What is preemptionPolicy: Never and when should I use it?

It's a per-PriorityClass setting that turns off the eviction part of preemption while keeping the ranking part. A pod with preemptionPolicy: Never and a high priority value will be admitted ahead of low-priority pods at the front of the Pending queue, but it will not evict any running lower-priority pod to make room. If the cluster is full, it just waits. Use this for high-priority workloads that are still tolerant of waiting (long batch training that can run overnight) when disruption to lower-priority work would be worse than the wait. Most teams set it incorrectly — they want disruption-free ordering but accidentally turn off the entire preemption mechanism.

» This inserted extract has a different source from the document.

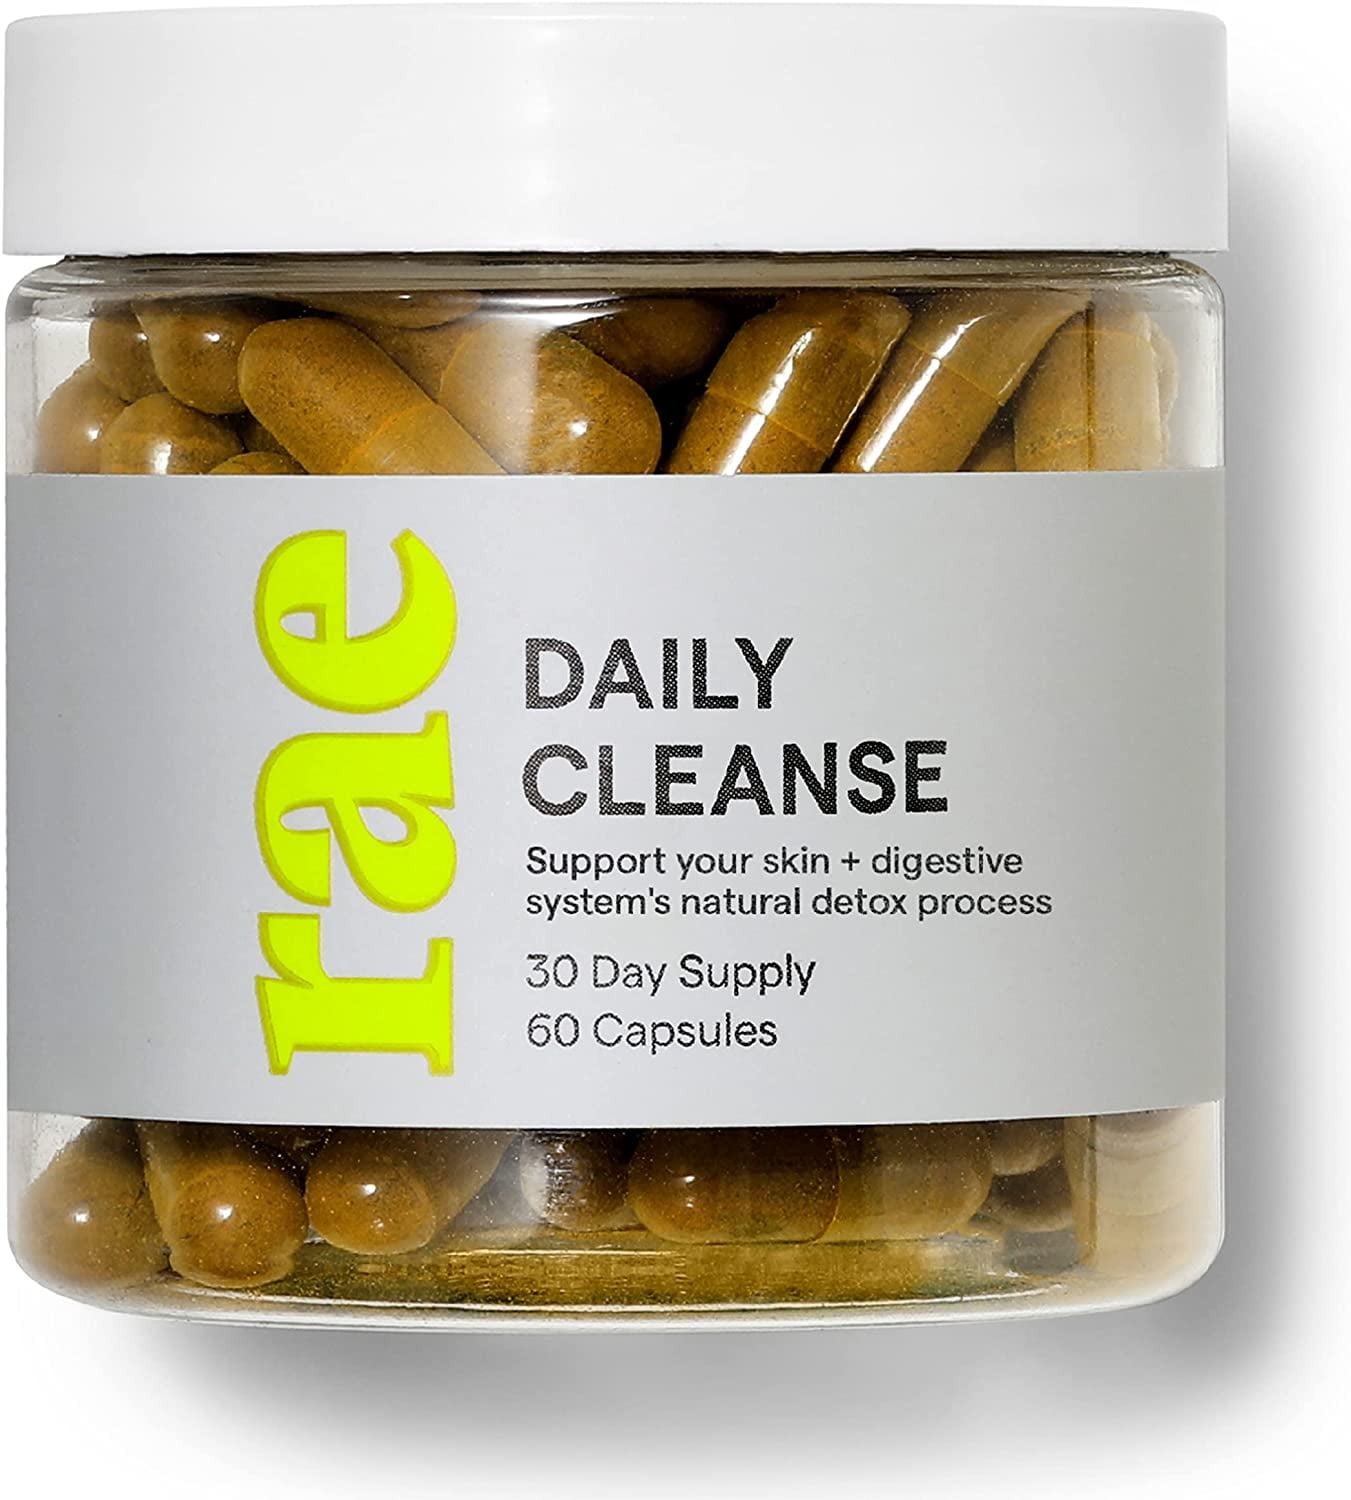 Rae Wellness Daily Cleanse Supplement, For Skin and Digestive System, 60 Capsules

How does the scheduler pick which lower-priority pod to evict?

The scheduler picks victim pods to minimize disruption while still making room. It considers: lower-priority first (starting with PriorityClass values lower than the incoming pod's, in ascending order), then PodDisruptionBudgets (avoid evicting pods if it would violate a PDB), then minimizing the number of evicted pods (sometimes just one is enough). Pods running with the system PriorityClasses system-cluster-critical (2000000000) and system-node-critical (2000001000) are essentially never preempted — those values are above any reasonable user-defined priority and protect things like the kubelet, control-plane components, and DNS.

Why would my high-priority GPU pod stay Pending even with preemption enabled?

Three common reasons: (1) the pods occupying GPU capacity are at equal or higher priority — the scheduler won't preempt them. (2) Your pod's request can't be satisfied even after evicting all evictable low-priority pods (e.g., asking for 4 GPUs when the cluster has 2 GPUs of low-priority work and 2 of medium-priority — only the 2 low get evicted, you still need 2 more). (3) preemptionPolicy: Never is set on your PriorityClass — you got the priority ordering but explicitly turned off eviction. Diagnose with kubectl describe pod and look at the scheduler events for the explanation.